# Part 1 - Cross-Section Data

## Importing the libraries

In [1]:
import pandas as pd
import numpy as np
import matplotlib.pyplot as plt


## Load data

In [4]:
df = pd.read_csv('../data/HPRICE2.raw', sep='\s+', header=None)


### Show first 5 rows of the dataframe

In [5]:
df.head()

Unnamed: 0,0,1,2,3,4,5,6,7,8,9,10,11
0,24000,0.006,5.38,6.57,4.09,1,29.6,15.3,4.98,10.08581,1.682688,5.69036
1,21599,0.027,4.69,6.42,4.97,2,24.2,17.8,9.14,9.980402,1.545433,5.488938
2,34700,0.027,4.69,7.18,4.97,2,24.2,17.8,4.03,10.4545,1.545433,5.488938
3,33400,0.032,4.58,7.0,6.06,3,22.2,18.7,2.94,10.41631,1.521699,5.402678
4,36199,0.069,4.58,7.15,6.06,3,22.2,18.7,5.33,10.49679,1.521699,5.402678


### Assign Column Names

In [8]:
# Assign column names, fetched from the DES file 
column_names = [
    "price",      # median housing price, $
    "crime",      # crimes committed per capita
    "nox",        # nitrous oxide, parts per 100 mill.
    "rooms",      # avg number of rooms per house
    "dist",       # weighted dist. to 5 employ centers
    "radial",     # accessibility index to radial hghwys
    "proptax",    # property tax per $1000
    "stratio",    # average student-teacher ratio
    "lowstat",    # % of people 'lower status'
    "lprice",     # log(price)
    "lnox",       # log(nox)
    "lproptax"    # log(proptax)
]

# Assign these column names to the DataFrame
df.columns = column_names

### Show first 5 rows of the dataframe

In [9]:
df.head()

Unnamed: 0,price,crime,nox,rooms,dist,radial,proptax,stratio,lowstat,lprice,lnox,lproptax
0,24000,0.006,5.38,6.57,4.09,1,29.6,15.3,4.98,10.08581,1.682688,5.69036
1,21599,0.027,4.69,6.42,4.97,2,24.2,17.8,9.14,9.980402,1.545433,5.488938
2,34700,0.027,4.69,7.18,4.97,2,24.2,17.8,4.03,10.4545,1.545433,5.488938
3,33400,0.032,4.58,7.0,6.06,3,22.2,18.7,2.94,10.41631,1.521699,5.402678
4,36199,0.069,4.58,7.15,6.06,3,22.2,18.7,5.33,10.49679,1.521699,5.402678


## Questions

1. State the fundamental hypothesis under which the Ordinary Least Squares (OLS) estimators are unbiased.

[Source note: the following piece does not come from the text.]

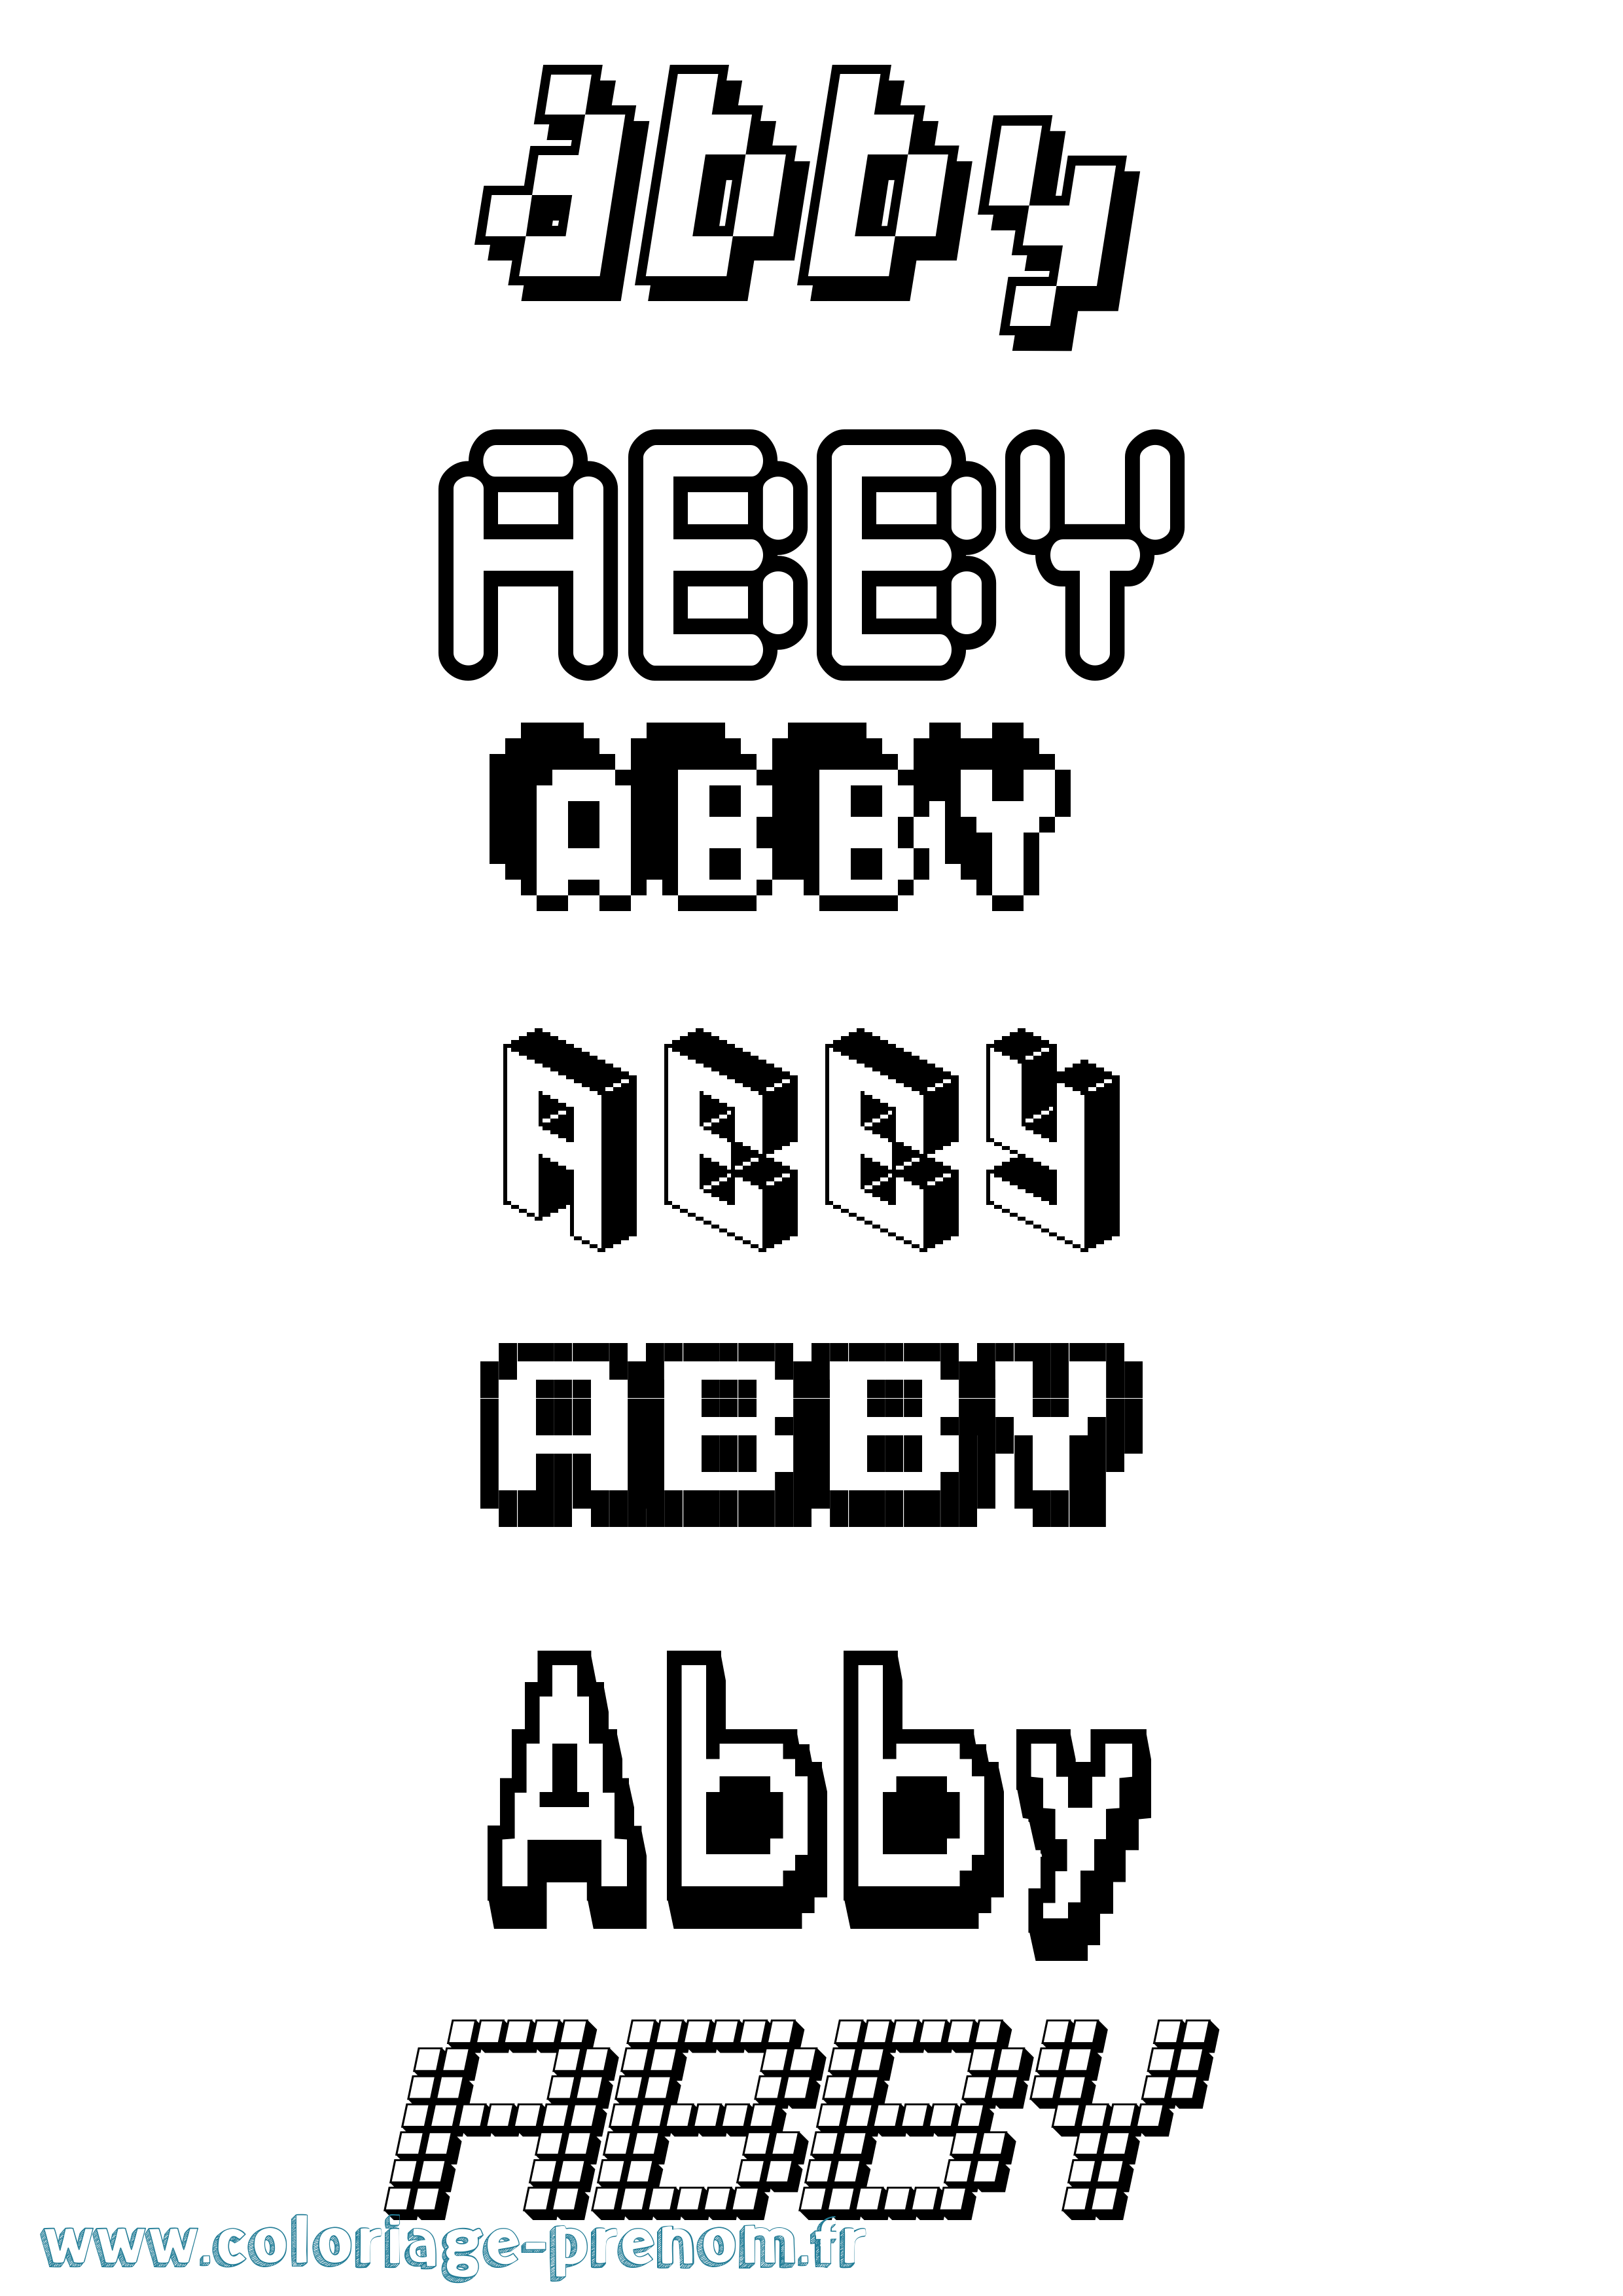 Coloriage prénom Abby Pixel

2. Show that under this assumption the OLS estimators are indeed unbiased.



3. Explain the sample selection bias with an example from the course.



4. Explain the omitted variable bias with an example from the course.


5. Explain the problem of multicollinearity. Is it a problem in this dataset?


6. Create three categories of `nox` levels (low, medium, high), corresponding to the following percentiles: 0-25%, 26%-74%, 75%-100%.



7. Compute for each category of `nox` level the average median price and comment on your results.



8. Produce a scatter plot with the variable `price` on the y-axis and the variable `nox` on the x-axis. Is this a ceteris paribus effect?



9. Run a regression of `price` on a constant, `crime`, `nox`, `rooms`, and `proptax`. Comment on the histogram of the residuals. Interpret all coefficients.



10. Run a regression of `lprice` on a constant, `crime`, `nox`, `rooms`, and `proptax`. Interpret all coefficients.



11. Run a regression of `lprice` on a constant, `crime`, `lnox`, `rooms`, and `lproptax`. Interpret all coefficients.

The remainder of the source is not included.